After all of the data he’d collected, writing a game based on steering Maglen through an asteroid belt wasn’t as challenging as he’d thought it would be.

Keeping it to himself was a different matter.

At first, he’d opened it up to members of the crew with some flight experience, and then to a few of those persons of name. Word of it traveled quickly, however, and it wasn’t long before every crew member with access to a terminal wanted to play it.

In a ship starved for things to do, and after most of the conversations had begun to repeat themselves, a video game that was a test of skills was a welcome change.

This required joining existing terminals to Regnal’s private system, and this required it to run more. In turn, this increased its heat output, and that started to give Regnal and those members of the crew who supported the onboard computer systems pause.

“It’s actually becoming an energy consumption concern,” Ghegee informed the rest of the people who’d been called to the captain’s cabin.

The cabin, only slightly larger than Regnal’s, housed their captain, Roo Amrain, of an older family which, like the Zanes, came from a military history. Where Efrain was a muscular man which thick but close-cropped hair and piercing eyes, Roo was paunchy, bald, and his brown eyes seemed to squint with every decision. He’d invited Ghegee, Livven Esteve and, of all people Kharen, who’d parked herself on the floor with her back against the cabin’s one door. The rest of them stood with the exception of the captain, who sat on his cot.

“We have passengers who’ve played through their meal hours and sleep intervals,” Kharen informed them, “and crew who’ve come late to watch because of it.”

Livven smiled her signature smile, “One wonders what they did with themselves before this was available to them.”

Roo shook his head. “Whatever it was,” he said, “they did it in an orderly fashion. Do we really need this game?”

All heads turned to Regnal. “I admit,” he said, looking down at his feet and, coincidentally, at Kharen, “this wasn’t what I intended or ever wanted. However, the data I’m collecting is invaluable.”

“Really?” Ghegee asked him.

He looked up. “They’re finding ways to navigate the ship through the asteroid belt that I never would have considered,” he admitted. “Ways to balance the use of deflectors with RF propulsion that aren’t nearly as stressful on the hull. A few members of the crew have actually navigated the expected breadth of the belt with the ship intact.”

“It wasn’t that hard,” Kharen informed him. “I think part of it is a loophole or a glitch in your program that you can exploit.”

“What?” Regnal had thought he’d been pretty thorough in regard to that.

“I’ll show you,” she promised him, looking up at him from the floor.

“Regardless,” Ghegee inserted herself back into the conversation, “the servers that the support this are being heated to the limit of what their cooling system can handle.”

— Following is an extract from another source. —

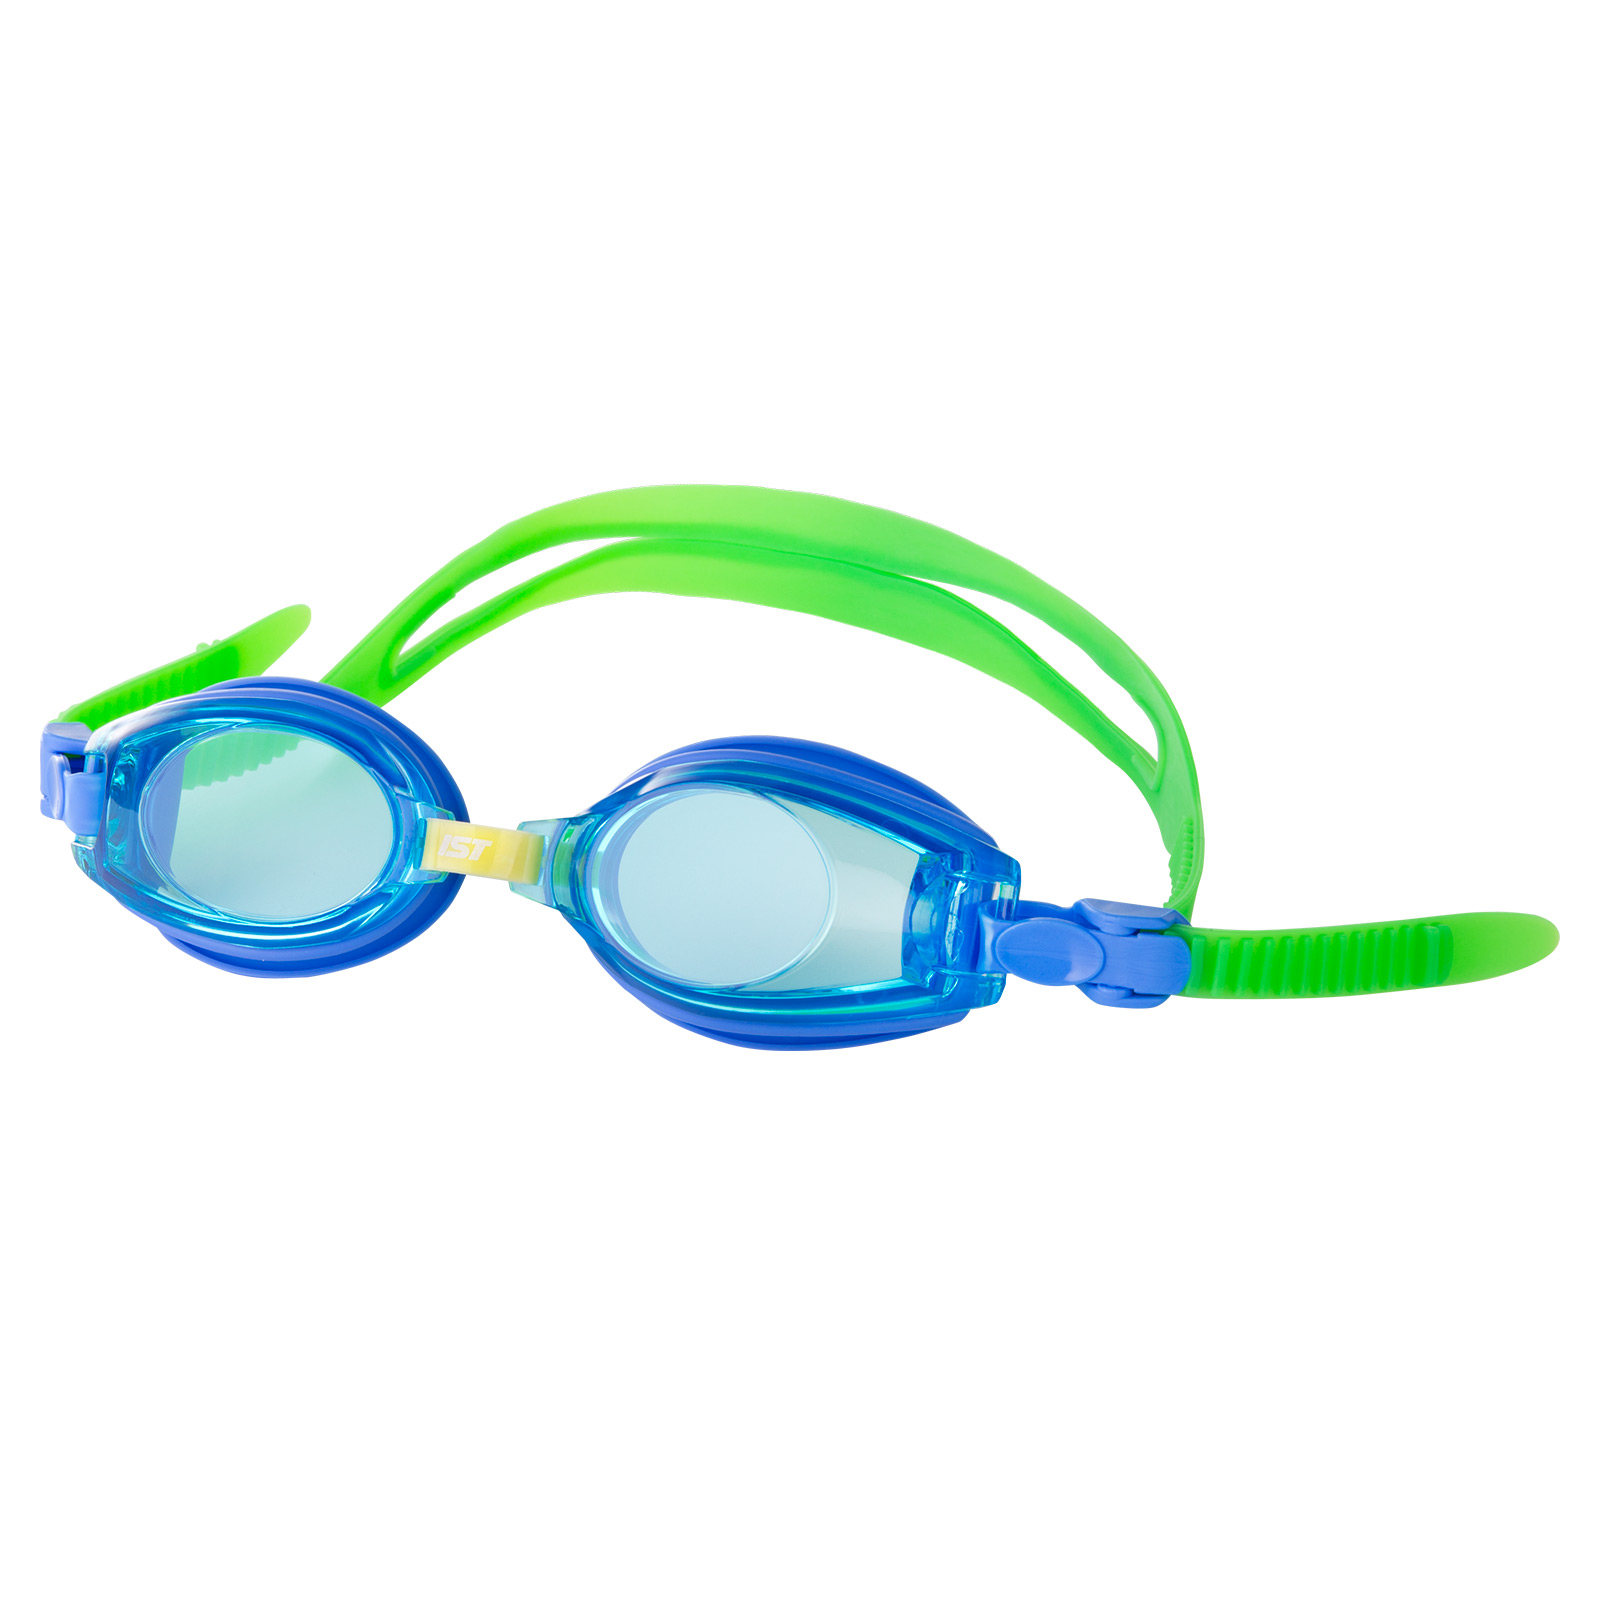 Silicone Jr. Swimming Goggle

“We’ve exceeded the cooling power of space?” Livven challenged her. “That seems unlikely.”

Ghegee shook her head. “We aren’t actually using ‘space,’” she corrected Livven, “we’re using copper conduits to sink the heat from those servers tasked to Regnal, to the hull of the ship, and then draw off heat and expel it to space.

“Those conduits can only move so much heat so fast, and they’re reaching their limit. Where we originally had problems with them working too well and causing condensation, now their actually dispersing heat to other parts of the ship and the area between the primary and secondary hull. Right now it isn’t a problem, but if it continues it’s going to engage the ship’s cooling system, and that’s going to draw power from the engines.”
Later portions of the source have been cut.